Data Scientist Professional
Example Practical Exam Solution
You can find the project information that accompanies this example solution in the resource center, Practical Exam Resources.
Data Validation
This data set has 6738 rows, 9 columns. I have validated all variables and I have not made any changes after validation. All the columns are just as described in the data dictionary:
- model: 18 models without missing values, same as the description. No cleaning is needed.
- year: 23 unique values without missing values, from 1998 to 2020, same as the description. No cleaning is needed.
- price: numeric values without missing values, same as the description. No cleaning is needed.
- transmission: 4 categories without missing values, same as the description. No cleaning is needed.
- mileage: numeric values, same as the description. No cleaning is needed.
- fuelType: 4 categories without missing values, same as the description. No cleaning is needed.

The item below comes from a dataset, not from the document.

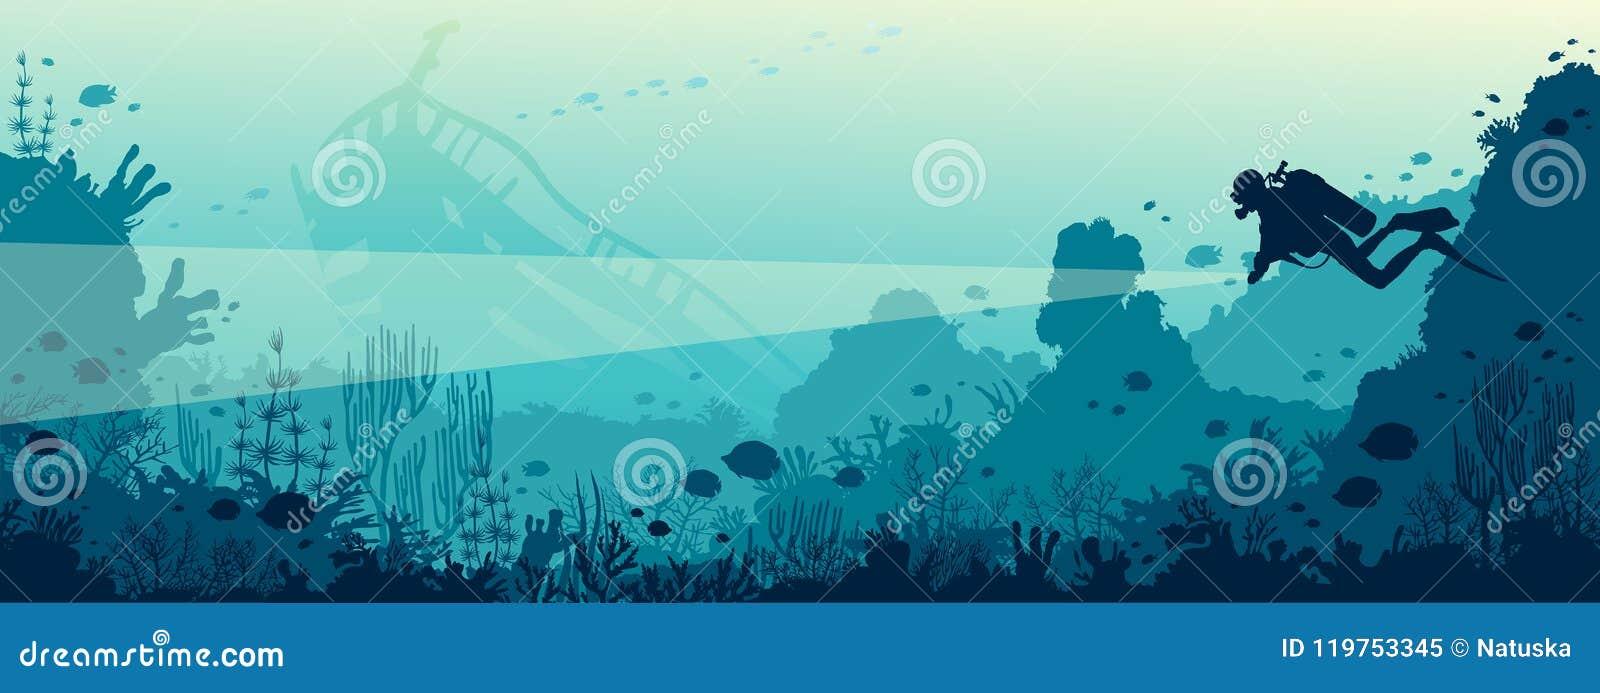 Водолаз акваланга, подводная развалина, коралловый риф, море

- mpg: numeric values without missing values, same as the description. No cleaning is needed.
- engineSize: 16 possible values without missing values, same as the description. No cleaning is needed.
9 hidden cells
Exploratory Analysis
I have investigated the target variable and features of the car, and the relationship between target variable and features. After the analysis,I decided to apply the following changes to enable modeling:
- Price: use log transformation
- Create a new ordinal variable from tax variable
Target Variable - Price
Since we need to predict the price, the price variable would be our target variable. From the histogram on the left below, we can see there is a longer right tail. Therefore, we apply log transforamtion of the price variable, the distribution on the right below is close to normal distribution.
Numeric Variables - Mileage, Tax, mpg
From the heatmap below, we can conclude that there is a moderate linear negative relationship in two pairs of variables - price log transformation and mileage, tax and mpg.
Relationship between mpg, tax, mileage and price
To spot the non-linear relationship, I decided to make scatterplot to further investigate the relationship between mpg, tax, mileage and our target varible - price. From the scatterplots below, there is linear relationship between mileage and price. No relationship between price and mpg. I found out there is clusters in the scatterplot between price and tax, so I decided to create a new ordinal variable from the tax variable.
1 hidden cell
Categorical Variables - Year, Engine Size, Model, Transmission, fuelType
Characteristics about Year, Engine size, Model, Transmission, and fuelType
Since year and engine size is most related to price, I checked their characteristics. From the bar chart below, the most common manufacture year is 2016. Also, the most common engine size in is 1.
From the bar charts below, we can see the most frequent categories in model, transmission and fuelType variables - Yaris, Manual, Petrol in the dataset.